Sunday, April 01, 2012

Building Peer Learning Into Mega-Events and Conferences

When Conferences focus on plenary speakers and traditional panel sessions these days, some of us might feel that our experience could be better if we wait until they are available on YouTube. Any ticks or flubs are edited out, and the video camera inevitably has a better seat and vantage point than we do in the audience. And you know exactly how long each intervention will be -and we can pause, repeat or even skip those that are not quite what we're looking for (of course we need to be open to surprises too).

But when Conferences have exciting peer learning and interactivity built in, then no longer are you are just one person watching a string of speeches from a relatively uncomfortable chair, knowing that you are shoulder to shoulder with probably some of the most interesting people in the world in your field - although due to this format there's no way to know it. What if you were a part of the Conference? Or even, you were the Conference!

Running World Cafe's, Open Space Technology Sessions, Peer Assists and Carousel Discussions, and Fishbowls are some of the activities we recently ran at a large conference of some 16,000 people. Those took facilitation. However, there are lots of things you can do that don't take that kind of support and still build up the peer-learning opportunities at a large-scale event.

So, what are some of the ways that big events help feature and build its participants into the Conference?

What if you ask people to pick a button that somehow illustrates how they are feeling at the moment?

Not only is that a conversation starter amongst participants wearing them, but imagine that the button dispensers are tubes that create a physical bar graph of how the whole body of participants (or at least those taking the cool buttons, which seemed to be everyone) feels?

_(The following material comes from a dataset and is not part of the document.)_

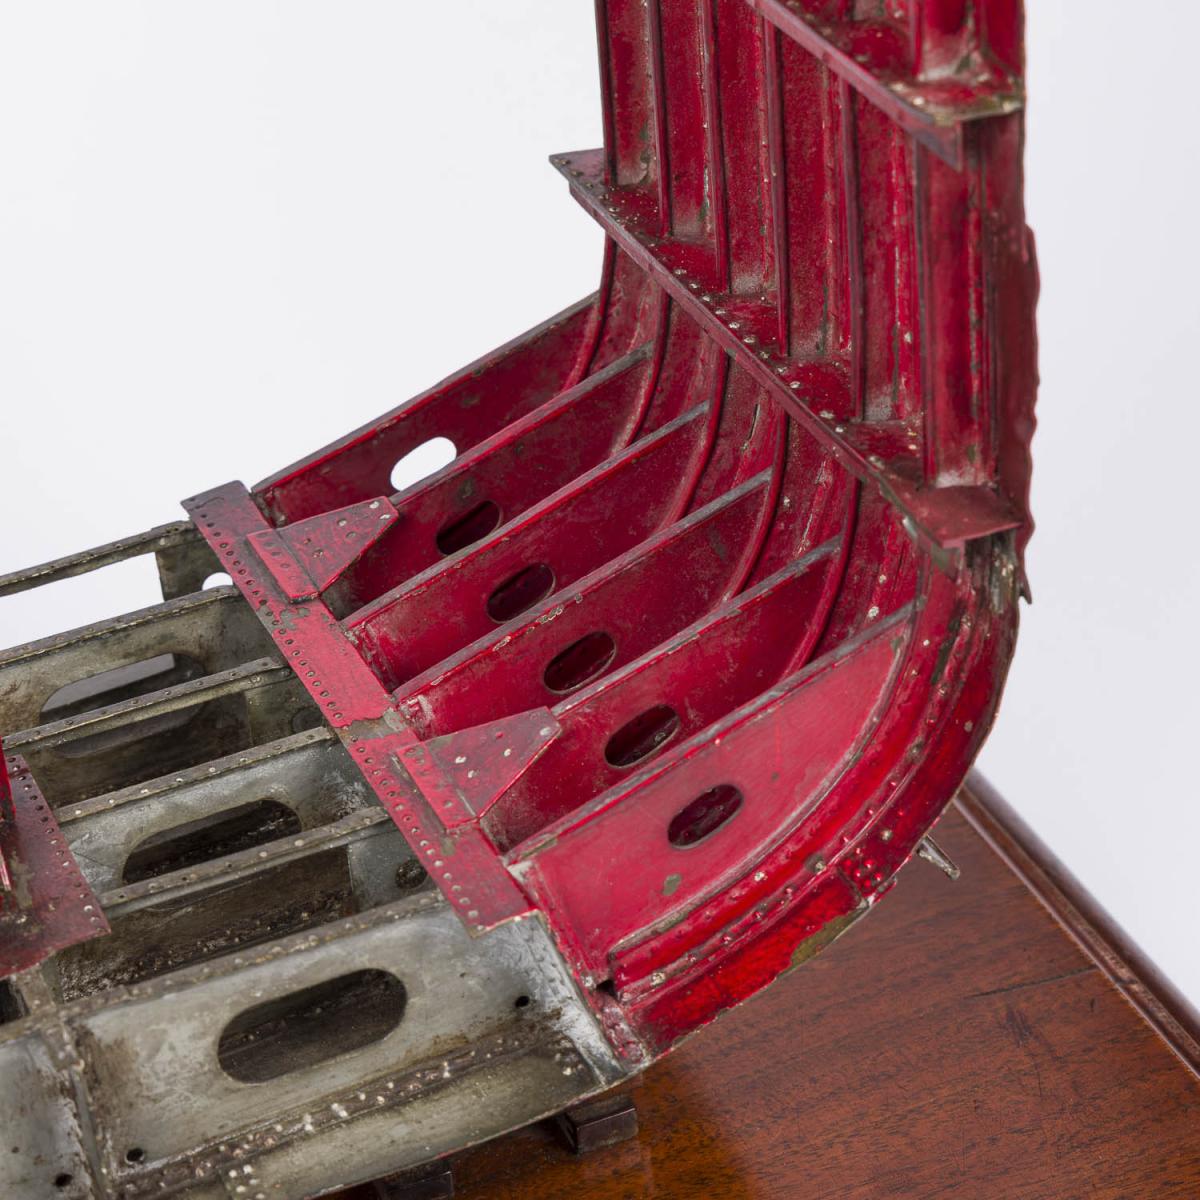 Shipbuilder's model of half a midship section of a steel steamer
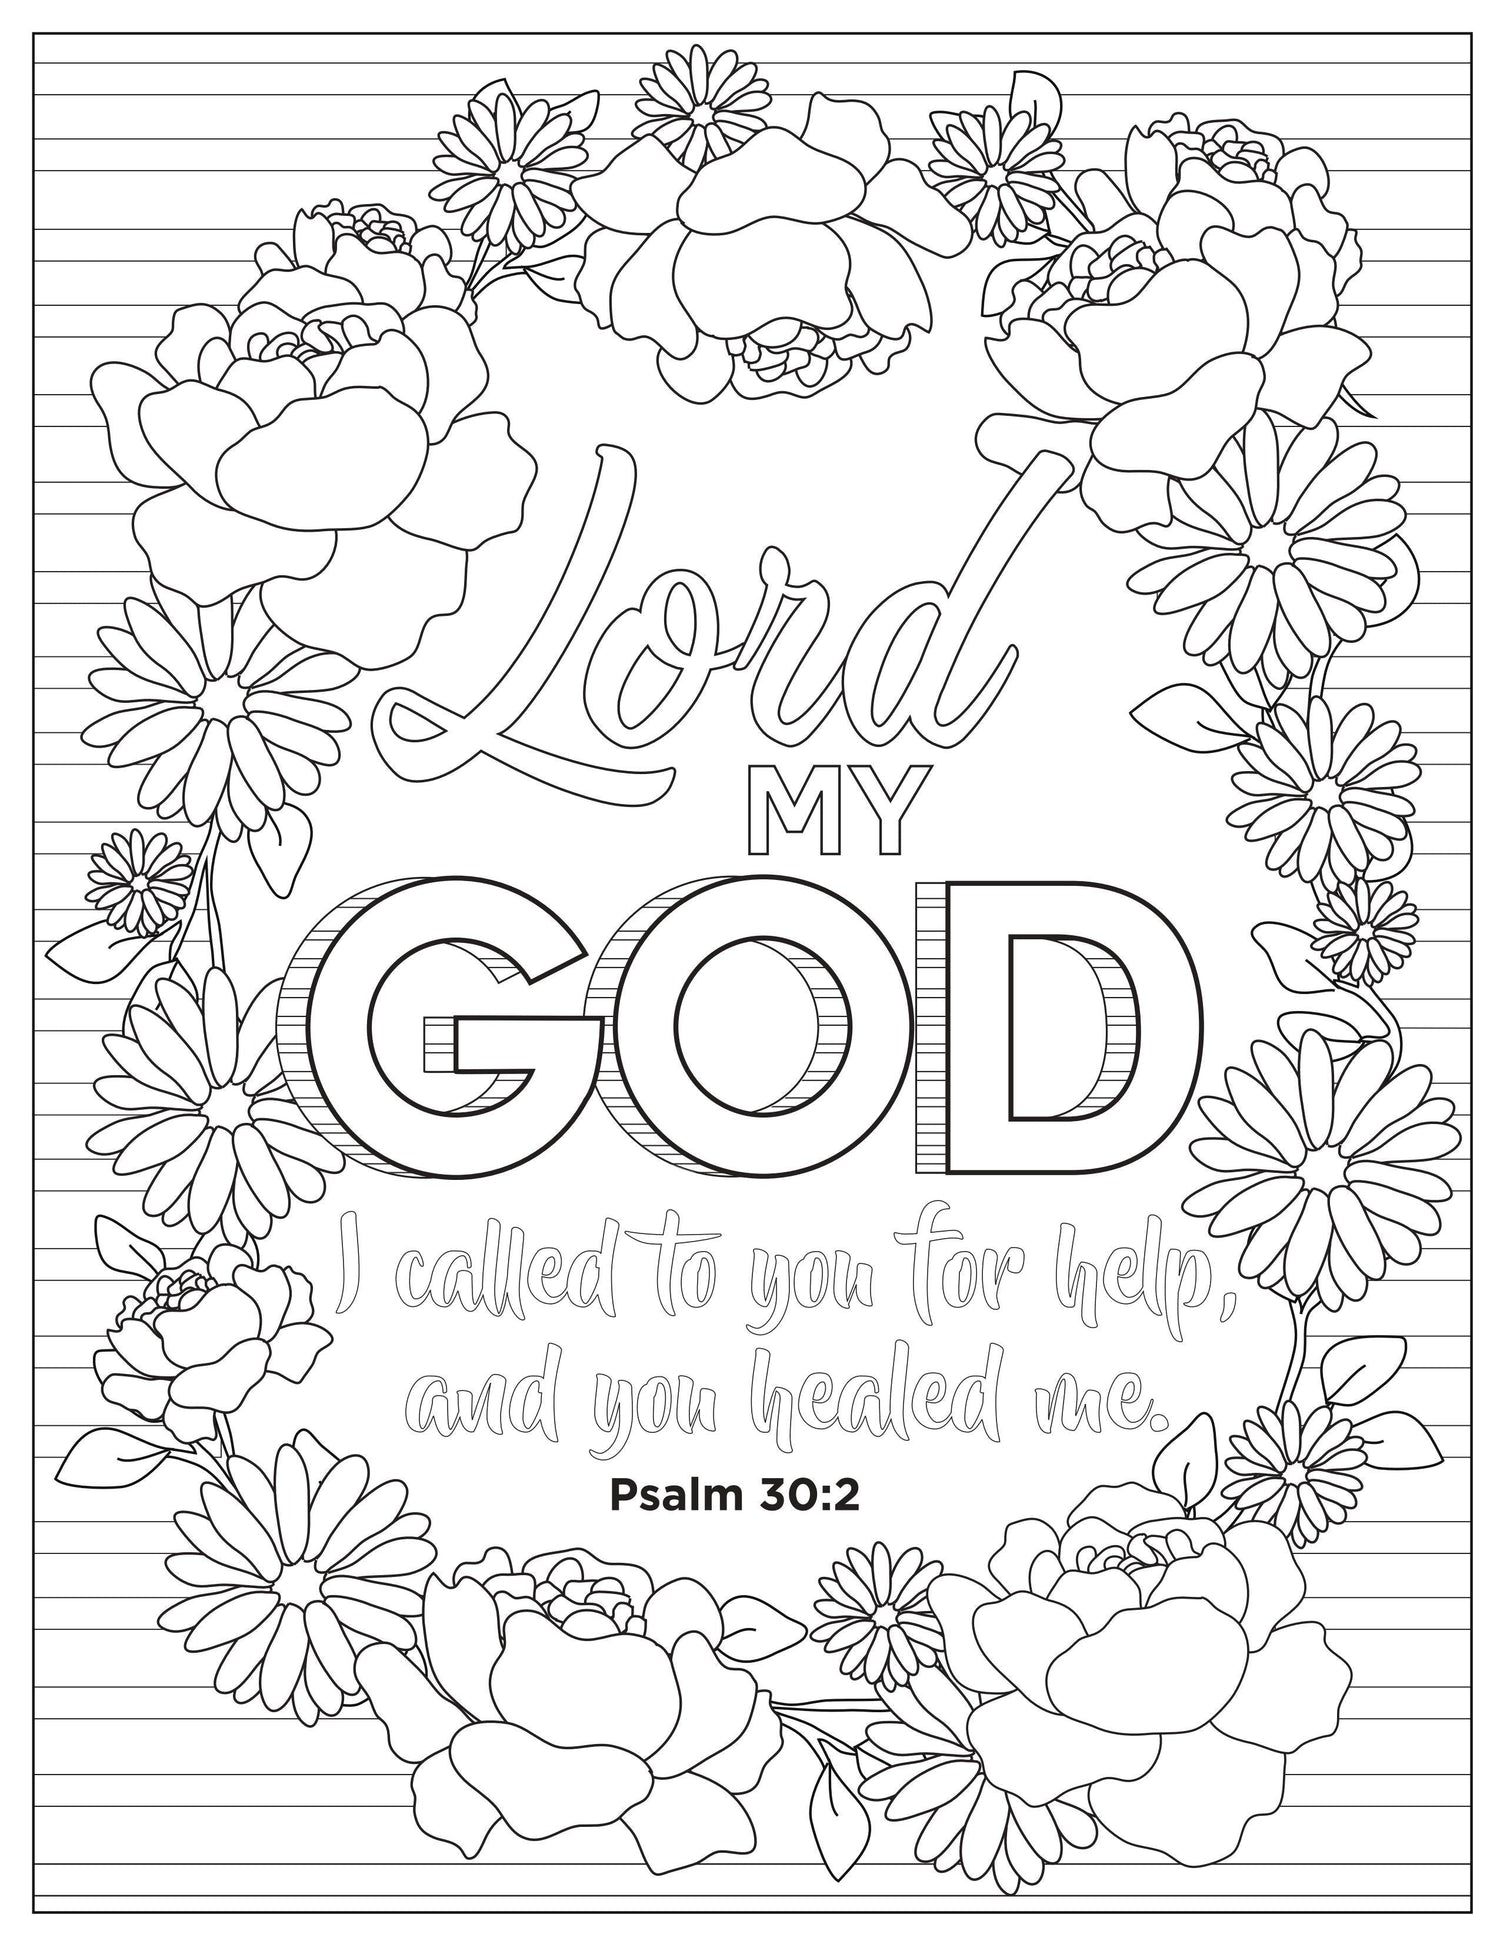 66 books of the bible coloring pages

What if there is a tablet built into the wall where particpiants can take a photo of themselves and write on a message about a commitment they will make?
and then use the images to make a wall of these...

What about a simple graffiti wall and lots of coloured chalk?

Or if there are a number of different thematic streams to the conference, what about producing different colour ribbons for each and letting people choose and wear them around their wrists or bags, so that in the thousands of participants, you might more easily bump into and recognize someone who is interested in the same theme as you are?

And then how can you know if you can actually speak that person's language at a large international event? What about language buttons that people can choose and display on their lanyards (we wrote about doing this at a conference of 8000 people - very popular initiative to support communication, and be surprised at what languages people speak - How to Start Conversations Among 8,000 people.)

What interesting interactive elements have you seen at Conferences that use their fascinating participants as a part of the overall learning experience?